━━━━━ Records provided ━━━━━

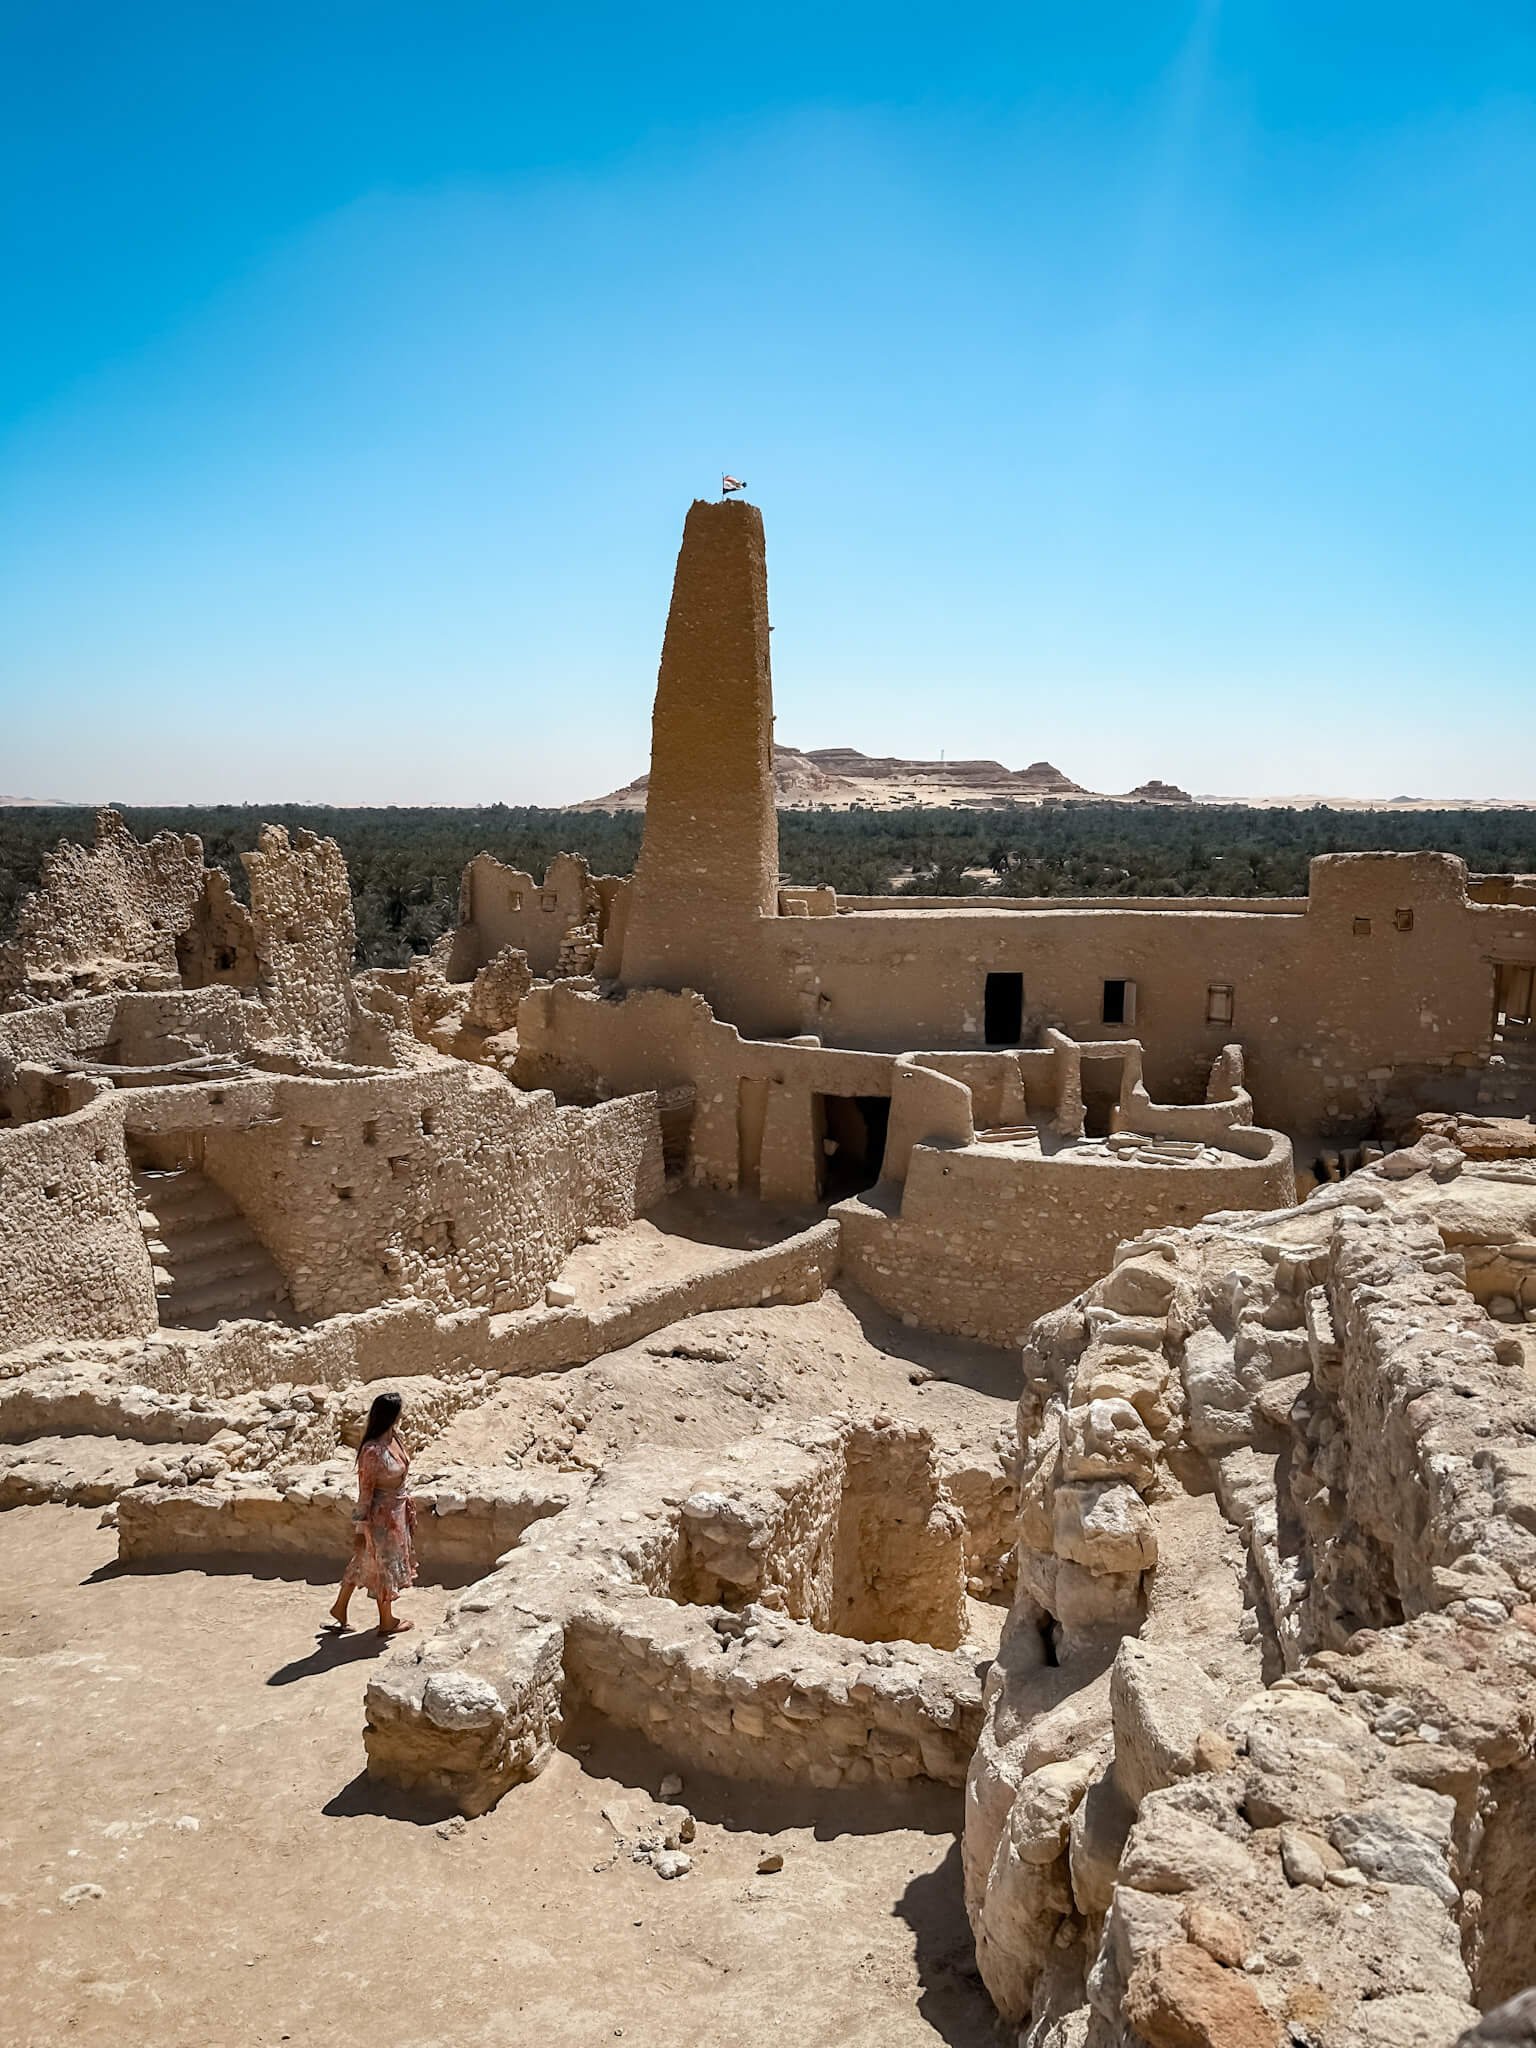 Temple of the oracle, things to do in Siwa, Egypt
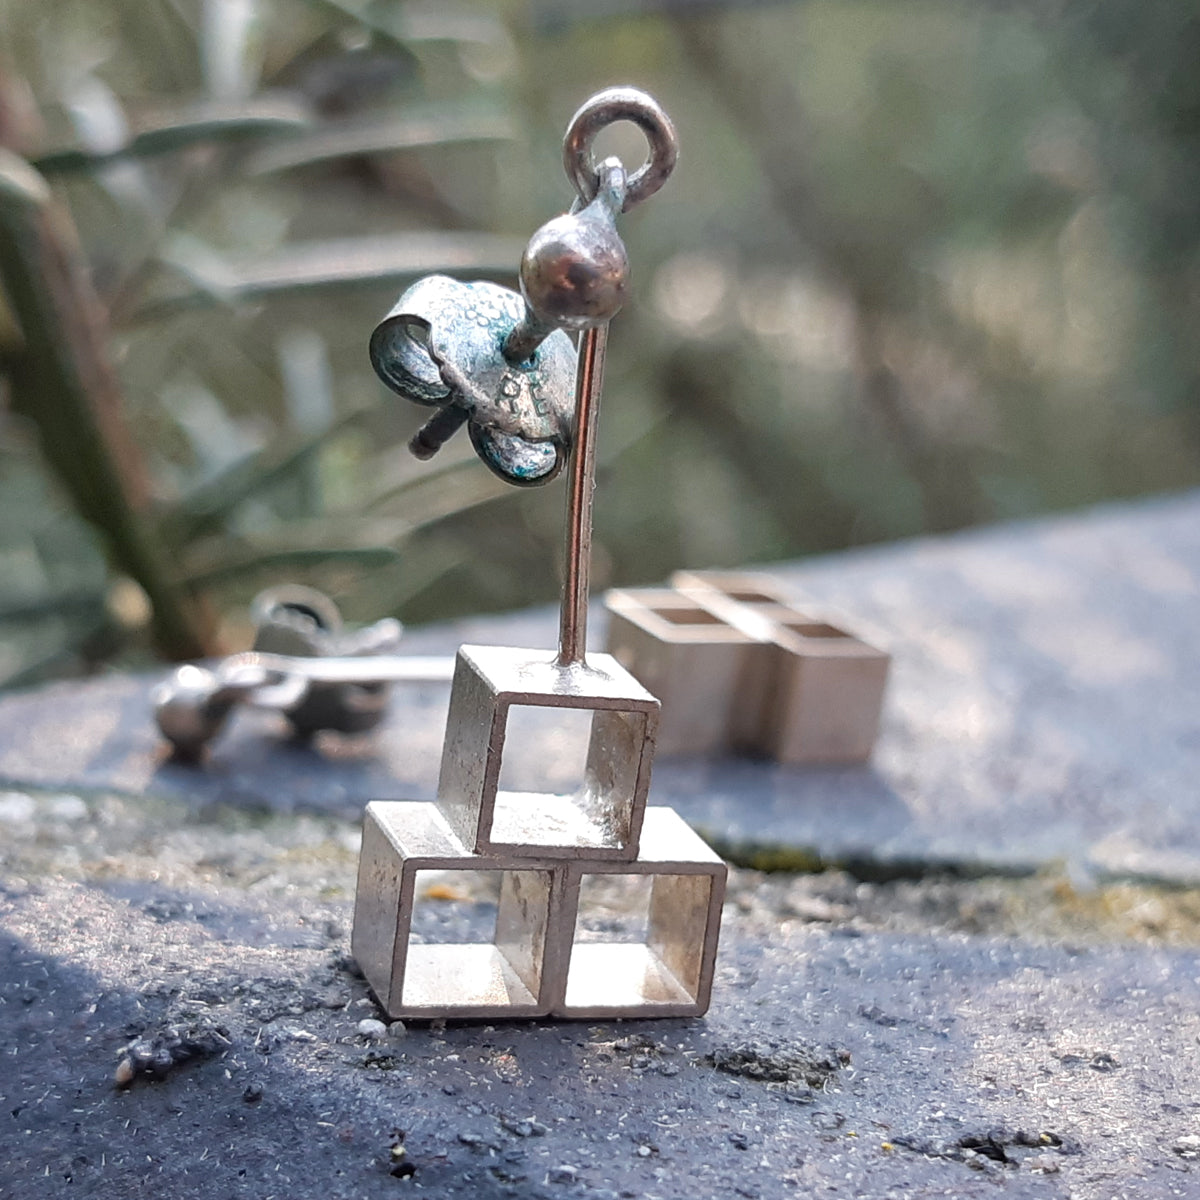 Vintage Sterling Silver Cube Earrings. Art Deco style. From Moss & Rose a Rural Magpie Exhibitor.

━━━━━
━━━━━ Records provided ━━━━━

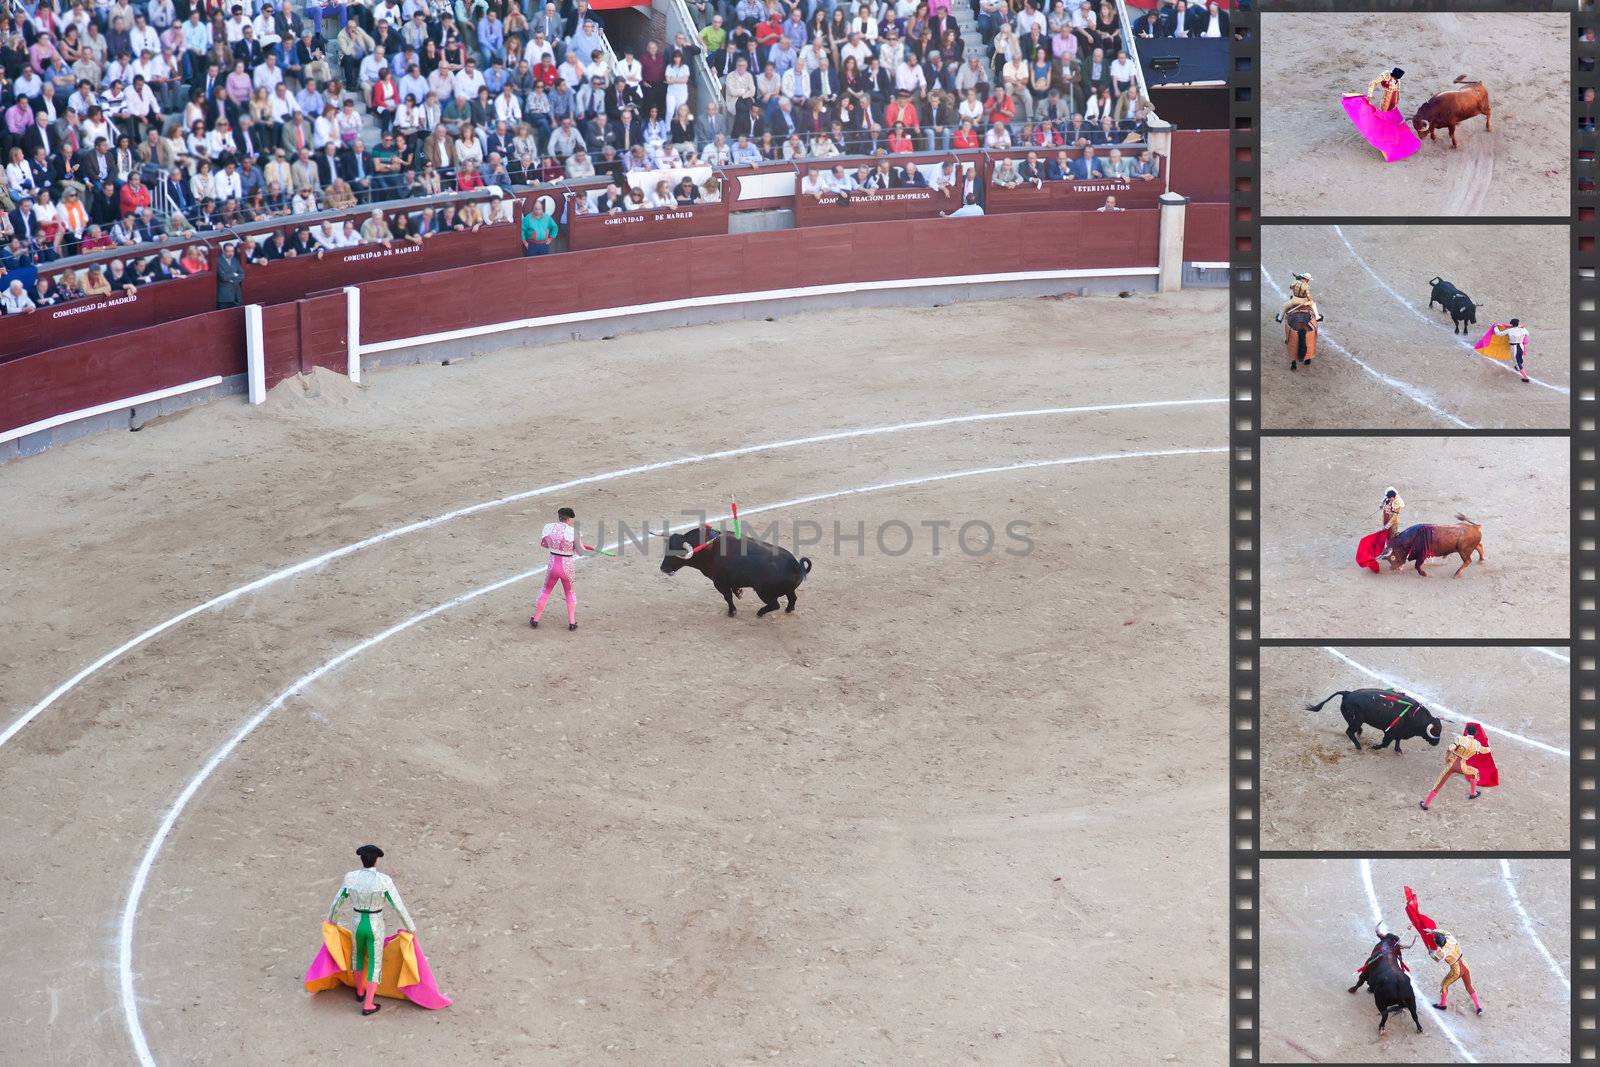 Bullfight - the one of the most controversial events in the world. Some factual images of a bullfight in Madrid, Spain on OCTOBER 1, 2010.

━━━━━

Of the lines above, quote exactly those from the one with "Temple of the" through the one with "Vintage Sterling Silver", ends included; pictures stay out.

Response>
 Temple of the oracle, things to do in Siwa, Egypt
 Vintage Sterling Silver Cube Earrings. Art Deco style. From Moss & Rose a Rural Magpie Exhibitor.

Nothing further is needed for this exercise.